彼は次の日の未明、いつもより早く町雀たちが騒ぎ始めたころ、東向島の路地裏の二軒長屋から出てきた。夏の朝日はまだ登ってはいなかったが、夏特有の湿気の多い空気は既に暑さも含んでいる。彼の制服の蛇腹は昨日の一件で汚れたまま――――額の傷跡もそのままに、彼は叔父の手になる簡単な朝食を食べて、重い学生鞄とともに出かけるところだった。玄関の隅で、叔父の中島良平は黙って仕事をしている。手際よく草履材の形を整え、膠で張り合わせていく。
「行ってくっぺ。」
直立し丁寧な言葉遣いで声をかけると、
「おう、いってきな」
と返ってきた。
ガチャガチャと古い荷物用自転車を、路地奥の倉庫から引出した。これは、元々近所の酒屋さんからもらったものだった。昨日の一件の後、修理を済ませ、今朝も孝夫は古い温泉手ぬぐいで黙って器用に磨き上げ油をさせば、立派に動くようになっていた。

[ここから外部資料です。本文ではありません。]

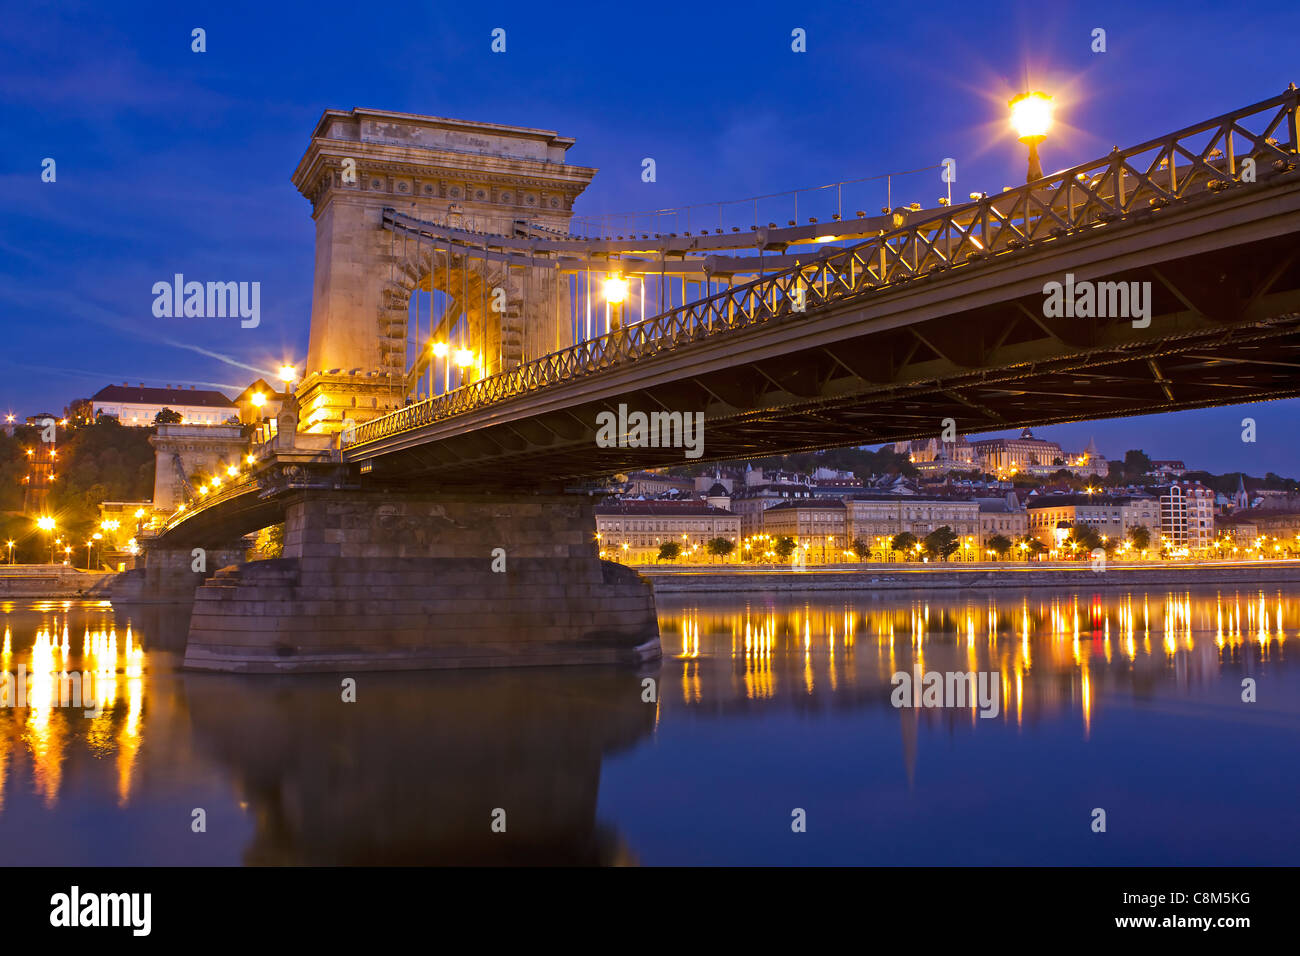 Lánchíd oder die Kettenbrücke in Budapest Ungarn über die Donau im frühen Morgenlicht Stockfoto

「これで、はあ、きょうもかっこいぐ、うごくんでないかい。ぼっこわれずに堂々と進むべ。今日のにぇんむには、はぁ、最適でねが。」
どんな精神状態でも、掃除の後は、いつも爽快感が心に溢れる。そして、こぎ始めたらもう、大通り――――マラソンの快感に似た気持ち良さを感じながらさらに20分ほど入り組んだ路地を抜けて、押上から錦糸町の高校へ。まだ薄暗いものの、後ろから町スズメ達が騒ぎながら後を追っている。やっと覚えた道順にクラスメイトから聞いた道を重ねて、毎日の通学路にしていた。しかしながら、タイヤを変えた重量級の自転車は、ペダルまで重い。スピードも出ない――――教科書でパンパンにした鞄を荷台に乗せて、ぎーぎー進んでいく。まるで苦力が力仕事をしている声のような音を出していた。そのせいか、多少ぶつかってもふらつくことはない。それは、彼の理想とする任務に向かうスタイルでもあった。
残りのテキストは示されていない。